Researchers at the Crick are tackling the big questions about human health and disease, and new findings are published every week. Our faculty have picked some of the most significant papers published by Crick scientists, all of which are freely available thanks to our open science policy.
Phospho-dependent regulation of SAMHD1 oligomerisation couples catalysis and restriction
This study explained the mechanism of SAMHD1 regulation by phosphorylation/tetramerisation and correlated restriction activity with the capacity of SAMHD1 to form long lived, stable tetramers. These data form the basis of the prevailing model for SAMHD1 restriction of HIV-1 where dNTP-stabilised SAMHD1 tetramers deplete and maintain low levels of dNTPs in the non-permissive cells resistant to HIV-1 infection.
Versatile humanized niche model enables study of normal and malignant human hematopoiesis
Immunodeficient mouse models have been instrumental in improving our understanding of human healthy haemopoietic stem cells and their hierarchical organisation as well as of the functional and phenotypic heterogeneity of leukaemic stem cells in acute myeloid leukaemia. However, xenotransplantation models failed at reconstituting the human bone marrow niche which remains of mouse origin. Using a bioengineered scaffold, we developed a new versatile humanised bone marrow niche which supports the engraftment of both normal and leukaemia stem cells in vivo. This 3D scaffold represents a suitable model to study and dissect the human bone marrow composition and test the effect of specific stroma cell types and niche factor functions during both normal human haemopoiesis and leukaemia.

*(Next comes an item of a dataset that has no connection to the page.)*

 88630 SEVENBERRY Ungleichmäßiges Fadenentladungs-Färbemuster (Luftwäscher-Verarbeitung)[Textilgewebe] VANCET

Rad51 paralogs remodel pre-synaptic Rad51 filaments to stimulate homologous recombination
This study was the first to demonstrate that RAD51 paralogues bind to and structurally remodel the pre-synaptic RAD-51-ssDNA filament to a stabilised, “open”, and flexible conformation, which facilitates strand exchange with the template duplex. We showed that RAD51 paralogues act by binding the end of the presynaptic filament, which induces a conformational change that stabilises RAD-51 bound to ssDNA and primes the filament for strand exchange. These observations established for the first time the underlying mechanism of HR stimulation by Rad51 paralogues and revealed a new paradigm for the action of HR mediator proteins.

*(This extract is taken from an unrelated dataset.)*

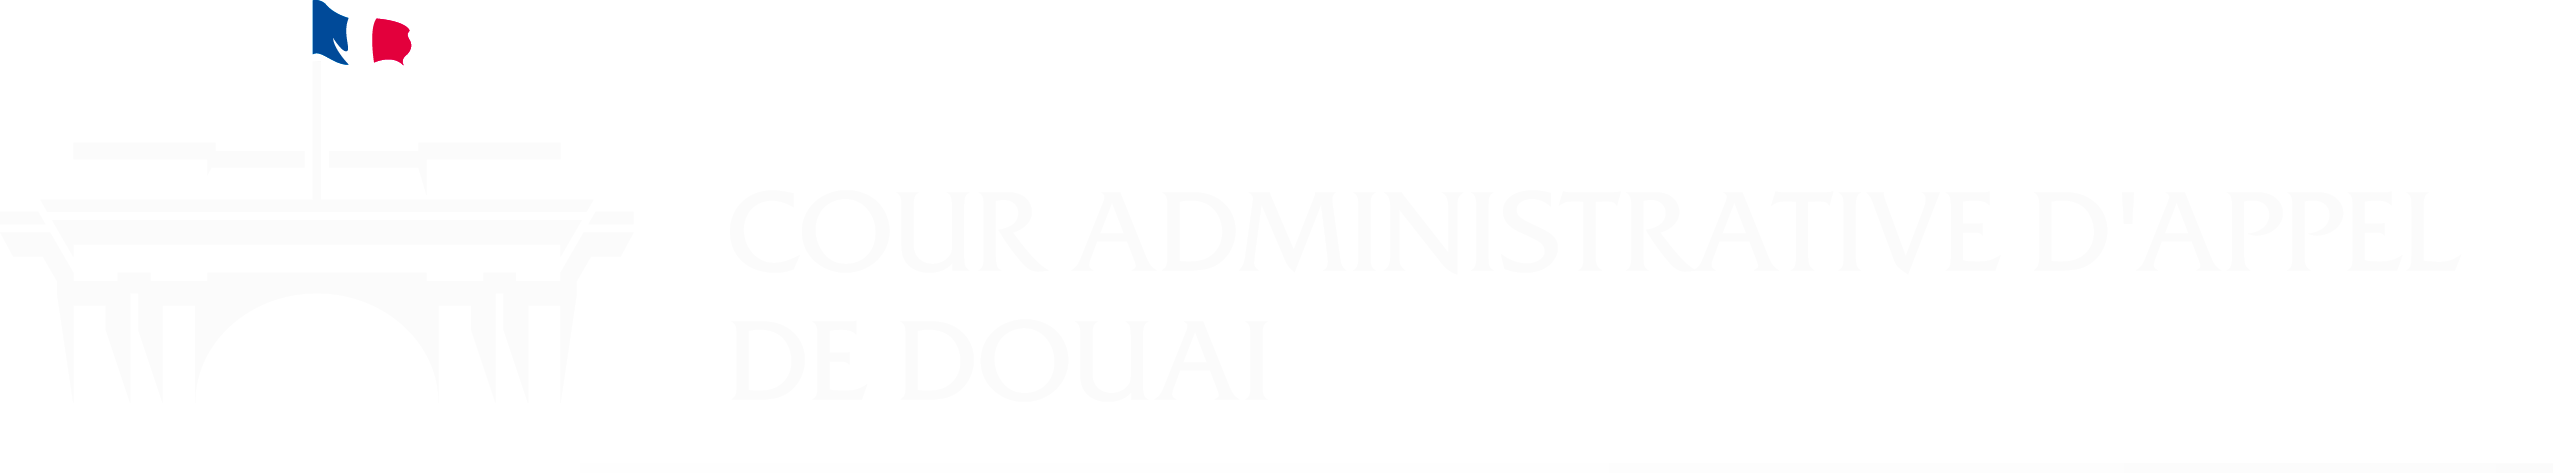 Logo Cour administrative d'appel de Douai

Decoding of position in the developing neural tube from antiparallel morphogen gradients
Like many developing tissues, the vertebrate neural tube is patterned by antiparallel morphogen gradients. Using quantitative gene expression and signalling measurements we derived and validated a characteristic decoding map that relates morphogen input to the positional identity of neural progenitors. This revealed a strategy that minimises patterning errors in response to the joint input of noisy opposing gradients. The study illustrates how we integrate quantitative data, developmental and microfluidic experiments with phenological and mechanistic models.
A supramolecular assembly mediates lentiviral DNA integration
Lentiviral IN proteins are notoriously poorly behaved in vitro, and the HIV 1 intasome has eluded structural biologists for over two decades. Prior research resulted in a collection of partial crystal and NMR structures that did not explain how lentiviral integrase synapses viral DNA ends. This paper described the first structure of the lentiviral intasome, solving the long-standing mystery and reconciling years of HIV-1 integrase structural biology and biochemistry.

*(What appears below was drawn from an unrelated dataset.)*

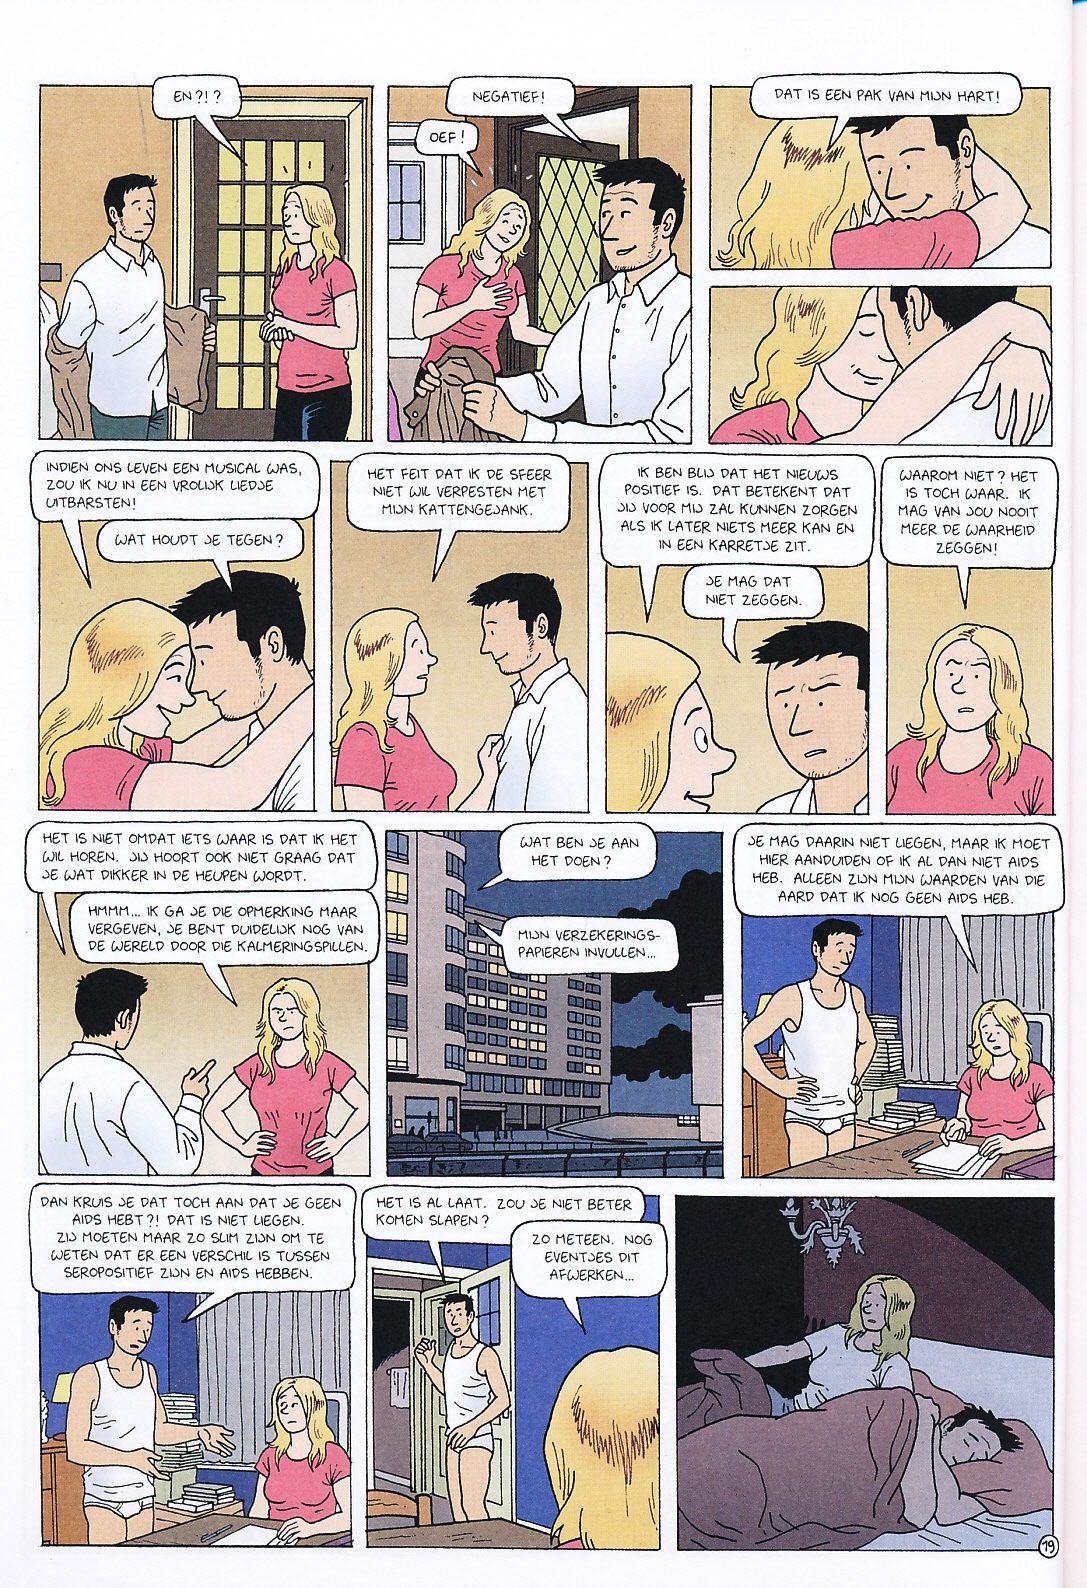 Positief (Dutch) Een wat serieuzer stripverhaal van Tom Bouden 21

Structural basis for retroviral integration into nucleosomes
Here, we described a cryo-EM structure of a retroviral intasome in a functional complex with a nucleosome. The structure revealed a multivalent interface of the viral integration machinery and chromatin, involving both gyres of nucleosomal DNA and histones. Whilst the histone octamer remains intact, the DNA is lifted from its surface to allow for strand transfer at highly preferred integration sites. These data provided a unique snapshot of an enzyme recognizing and acting upon nucleosomal DNA. The structure was the first to illustrate nucleosome flexibility facilitating a biological process and, as such, had far-reaching implications for chromosome biology.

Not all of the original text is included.